Myosin IIB and VI support release-ready SV restoration. Presynaptic neurons were transfected with control, myosin IIA-, IIB-, or VI-siRNA 2–3 days before the EPSP recordings. (A) Myosin VI, but not IIB, knockdown reduced release-ready SVs after AP-evoked transmitter release. The averaged paired-EPSP ratio was plotted against the paired-AP interval. (Bar: SEM * p < 0.05; Bonferroni post hoc test after one-way ANOVA. VI- knockdown vs. control IIA- or IIB- knockdown) (B) Myosin IIB and VI knockdown impaired transmitter release during APs firing at 10 Hz, resulted in a sudden reduction in third and second EPSP amplitude, respectively. (C) Myosin IIB and VI knockdown delayed recovery from the RRP depletion. After a 1 min control recording at 1 Hz, a 4-min AP train at 5 Hz was applied to deplete SVs. EPSP amplitudes were normalized to the mean EPSP amplitudes before the 4-min train.
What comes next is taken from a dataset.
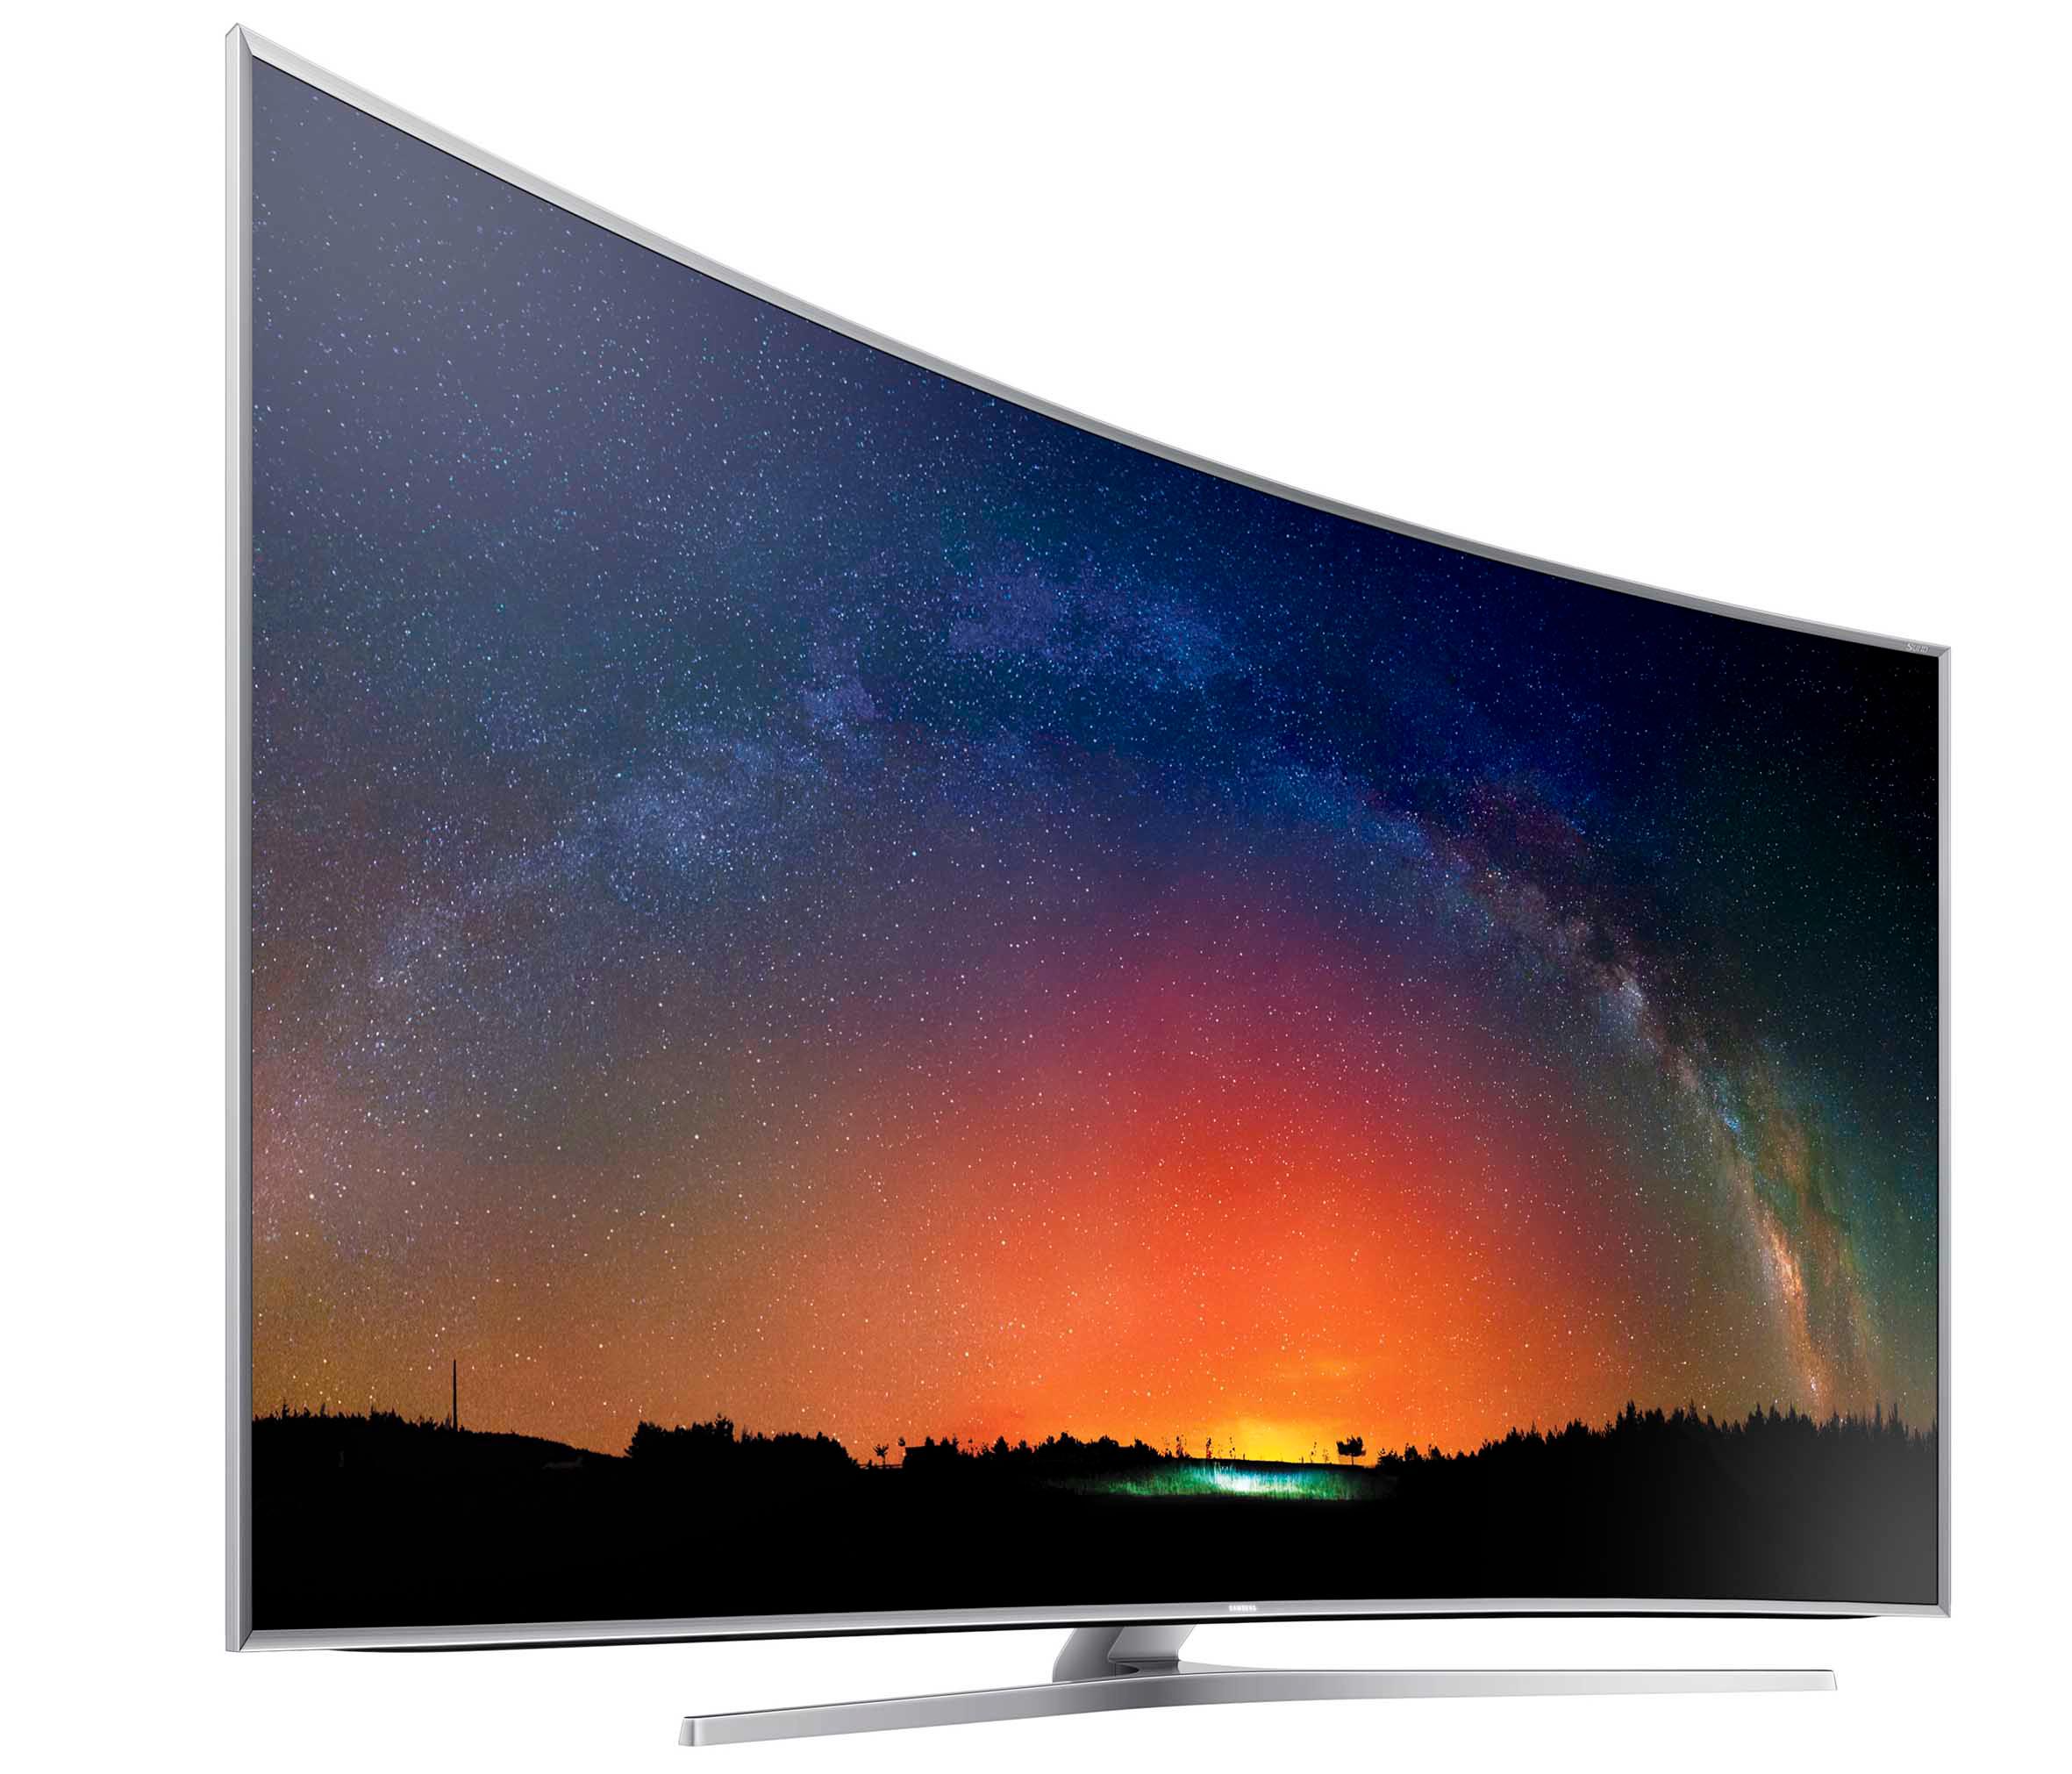 SUHD: Samsung ønsker å distansere seg fra konvensjonelle LCD-TV-er med sin nye quantum dot teknologi. Den gir etter det vi kan bedømme like bra farger som OLED og enda bedre lysstyrke. Sortnivået står litt tilbake for OLED, men denne toppmodellen har direkte-LED og kommer i nærheten.

Recovery rate of release-ready SVs is estimated by double exponential growth fit to the increase in averaged EPSP amplitude after the depletion. +Dyn1: double knockdown of dynamin-1 and myosin; +Dyn3: double knockdown of dynamin-3 and myosin.

Figure 5

Neural activity selects Myosin IIB and VI in distinct dynamin isoform-mediated SV resupply pathways. Schematic drawing of SV resupply to the release site by myosin VI and IIB through distinct SV membrane recycling pathways mediated by dynamin isoforms. *purple, SV reloading activated by slow Ca²⁺ rise; *orange, SV reloading activated by rapid Ca²⁺ rise. ?, Clathrin-coated vesicle endocytosis is under debated [3,13]. SV clusters are classified into two pools: release-readily vesicles on the active zone membrane [57] and replacement site vesicles [8]. Adapted from Lu et al., 2009 [60]; Tanifuji et al., 2013 [85]; Mori et al., 2014 [86]; Hayashida et al., 2015 [64].

Figure 6

AP modulates synaptic transmission via Ca_V2.1 channel regulation. Ca_V2.1 channel, wild type (WT), alanine mutation at the IQ-like motif (IM), or deletion of the CaM-binding domain (ΔCBD) was expressed in presynaptic neurons and EPSPs were recorded in the presence of a blocker for native Ca_V2.2 channels. (A) Paired-AP alters the second EPSP amplitude. Timing of the second AP-induced depression and facilitation of synaptic transmission. Depression was prevented by ΔCBD, while facilitation was prevented by IM-AA mutation of the pore-forming α1 subunit. (B) Model for Ca²⁺/CaM-dependent inactivation and facilitation of the Ca_V2.1 channel and neurotransmitter release. (C) Biphasic synaptic transmission during 1-s APs at 30 Hz changed to synaptic depression by IM-AA or synaptic facilitation by ΔCBD mutation. Adapted from Mochida et al., 2008 [121].

Figure 7

Milliseconds Ca²⁺ dynamics activates multiple proteins for controlling release-ready SVs. Myosin IIB and VI activated by Ca²⁺/CaM dependent on APs firing pattern translocate SVs to restore release-ready state SVs. In contrast, APs-induced CAST phosphorylation brakes release-ready state SV restoration. Elevation of Ca²⁺ with a single AP activates Ca²⁺/CaM/myosin VI and SAD-B at the AZ and controls the speed of SV reloading into the RRP (upper scheme), resulting in modulation of transmitter release efficacy for an incoming AP (bottom left traces). Repetitive APs control the efficacy by myosin IIB activation (upper scheme) and possibly by other proteins in the AZ for sustainable synaptic transmission (bottom right traces). All these key protein function and property of Ca²⁺ channels in the AZ regulated by AP via Ca²⁺ sensors action determine release efficacy and underlie presynaptic short-term plasticity. (RP, replacement state SV pool [8]; RRP, release-ready state SV pool [57]; KD, knockdown).